After Swedish regulators banned Huawei last October, Chinese officials and state-controlled media outlets called the decision unfair, saying that Huawei presented no security risks and that Sweden was trying to protect a homegrown champion in Ericsson. They threatened to retaliate against Swedish companies doing business in China, including Ericsson and its largest shareholder, Investor AB, the investment company of Sweden's influential Wallenberg family that has major holdings in several big European companies.

The prospect of retaliation prompted Ericsson's Chief Executive Börje Ekholm to mount a lobbying campaign on Huawei's behalf. He criticized Swedish politicians and solicited lawyers to help Huawei fight the Swedish ban. He said Ericsson gets only 1% of its sales from Sweden, versus 8% from China, where the company also employs 13,000 people and runs a factory.

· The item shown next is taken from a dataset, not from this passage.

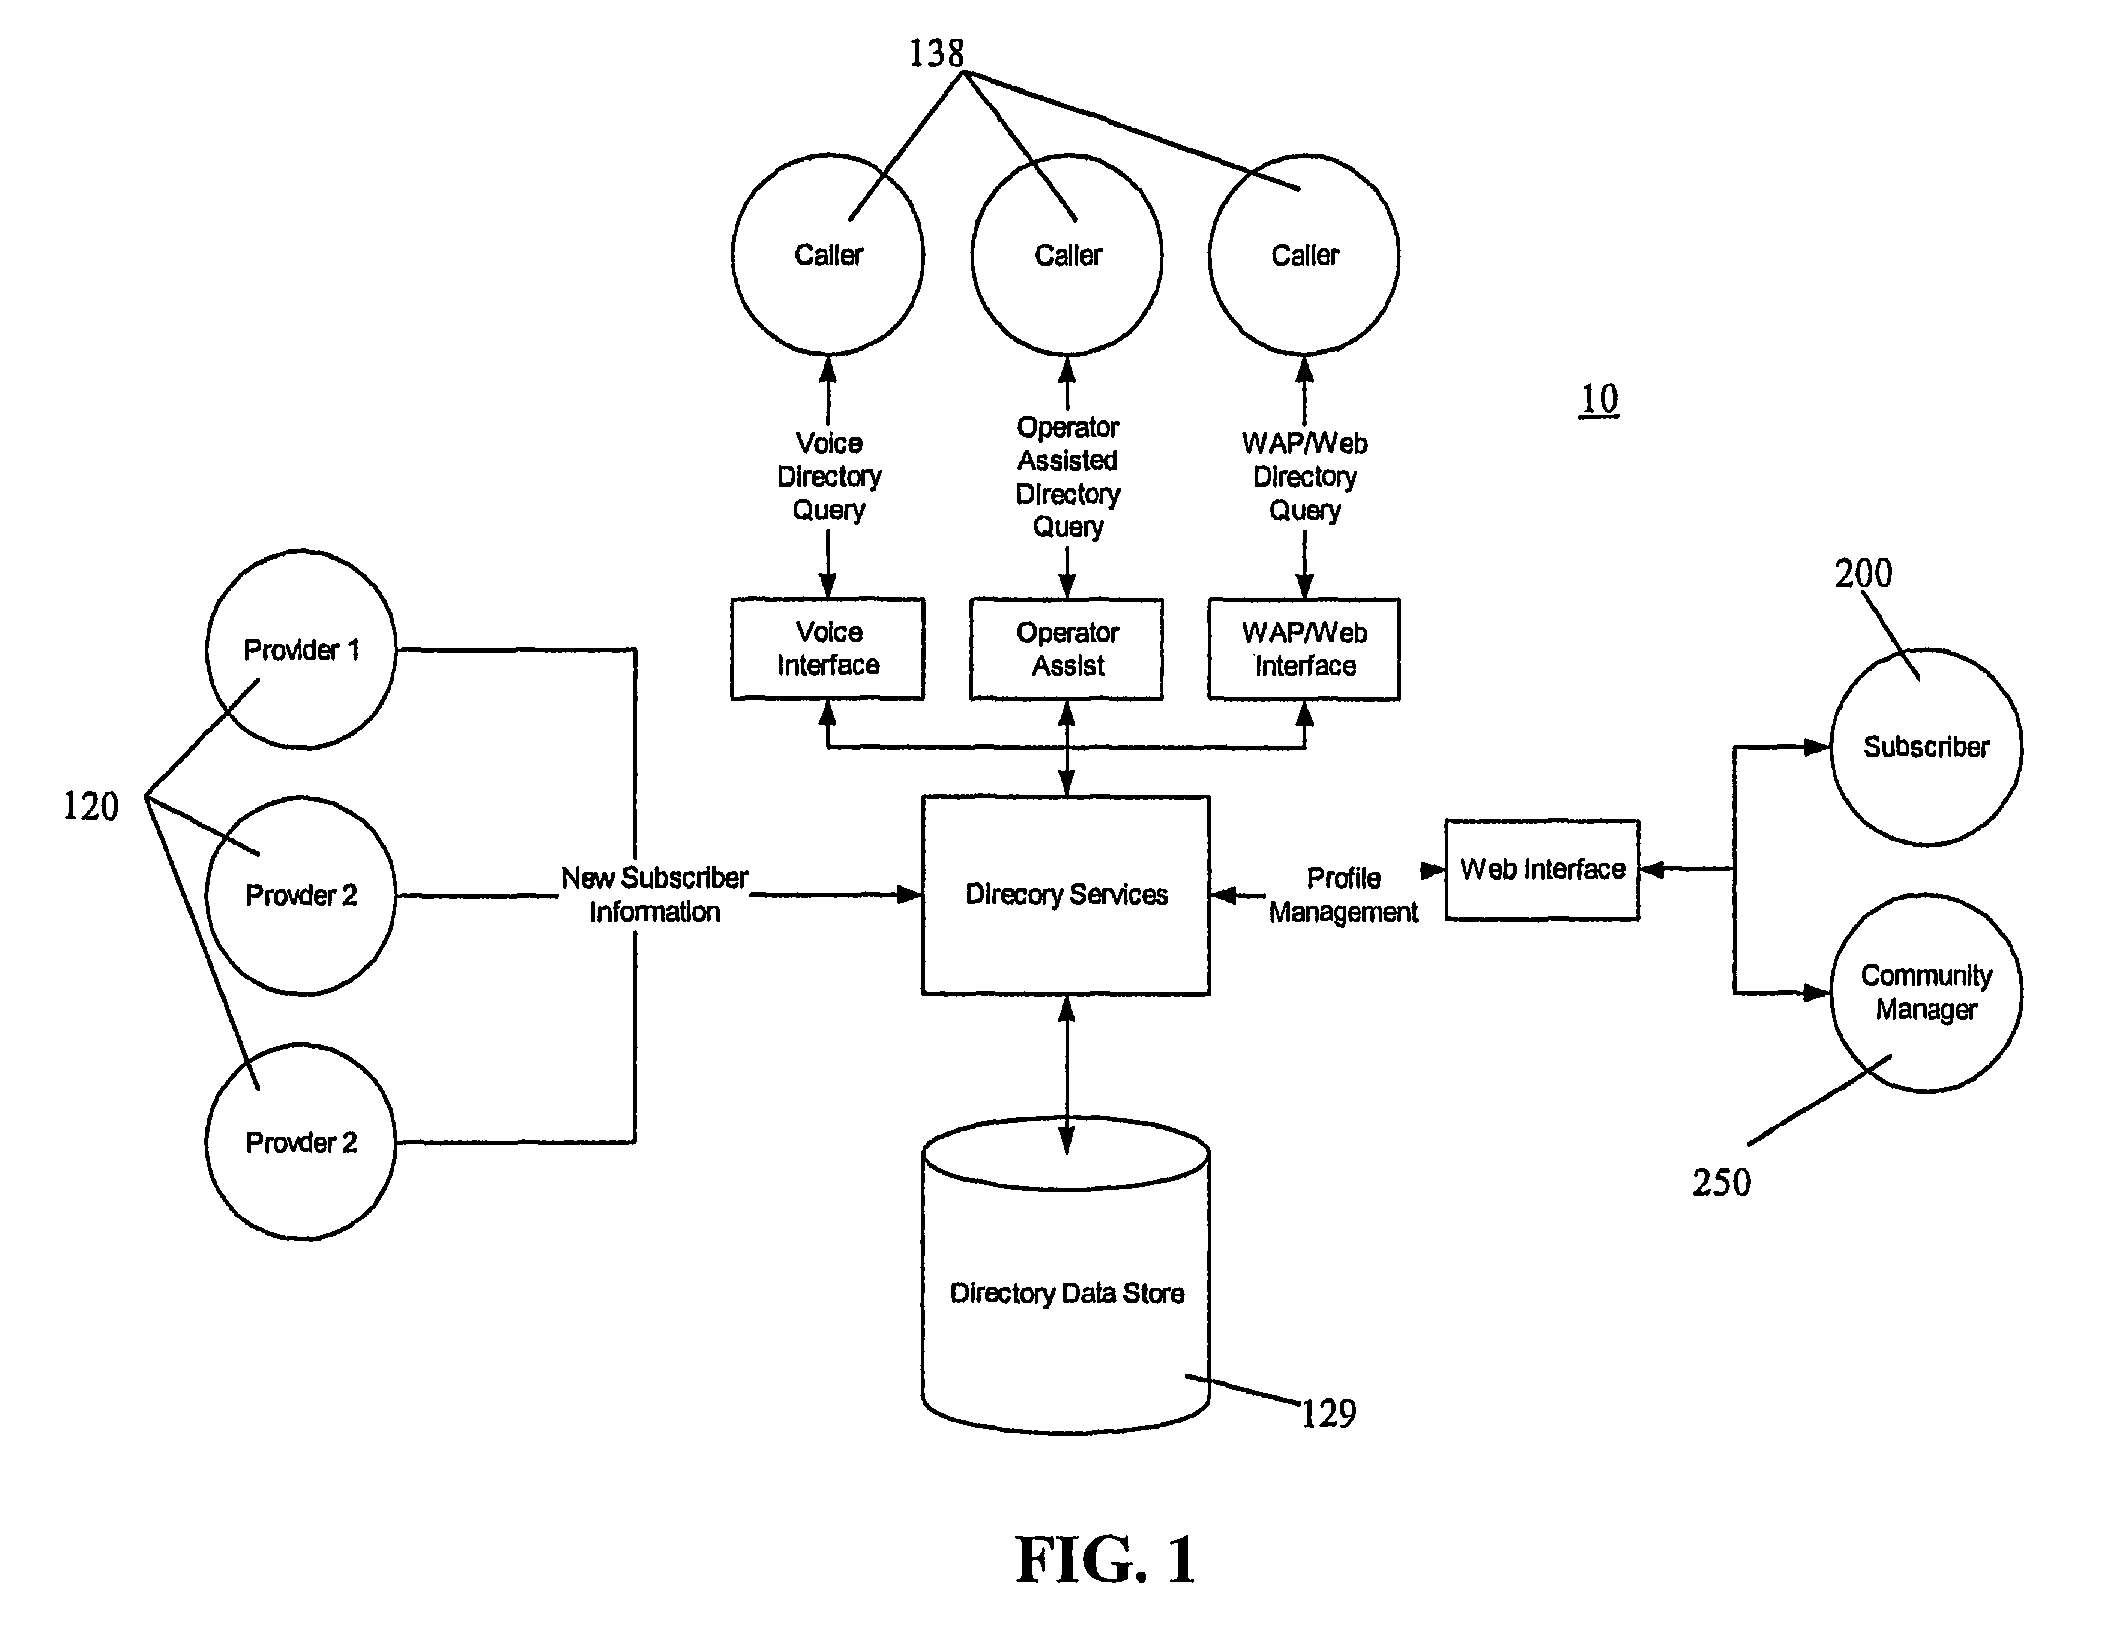 Communication connectivity via context association, advertising sponsorship, and multiple contact databases
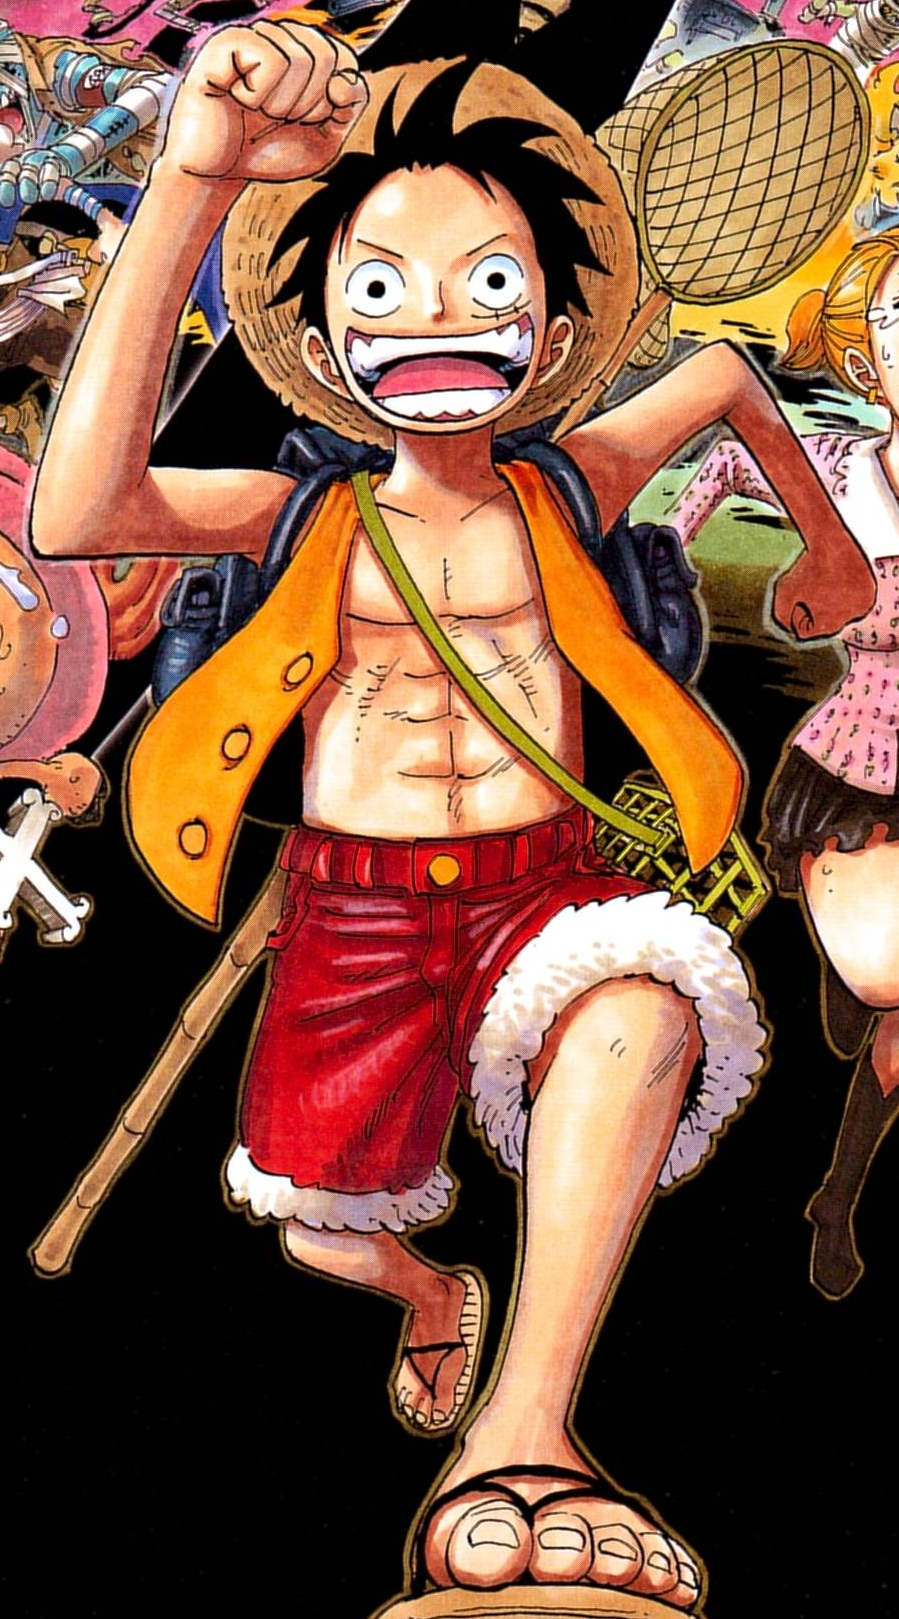 http://images4.wikia.nocookie.net/__cb20130526082626/onepiece/fr/images/d/de/Luffy_Thriller_Bark.png

China is the world's largest 5G-equipment market. Its four major state-owned wireless carriers are conducting another round of 5G equipment tests to determine which suppliers to use in the next phase of building nationwide cellular networks, the Global Times said in its article published Monday.

In March, Chinese media outlets and Communist Party-affiliated groups encouraged a purge of Swedish retailer Hennes & Mauritz AB's H&M brand from much of the Chinese internet. The move came after the fashion brand said it was seeking to ensure that its cotton didn't come from the Chinese region of Xinjiang, where the U.S. and U.K. governments and human-rights groups have alleged the Chinese government is committing genocide and using forced labor. China has called those accusation lies, saying its actions in Xinjiang are meant to combat terrorism and improve livelihoods.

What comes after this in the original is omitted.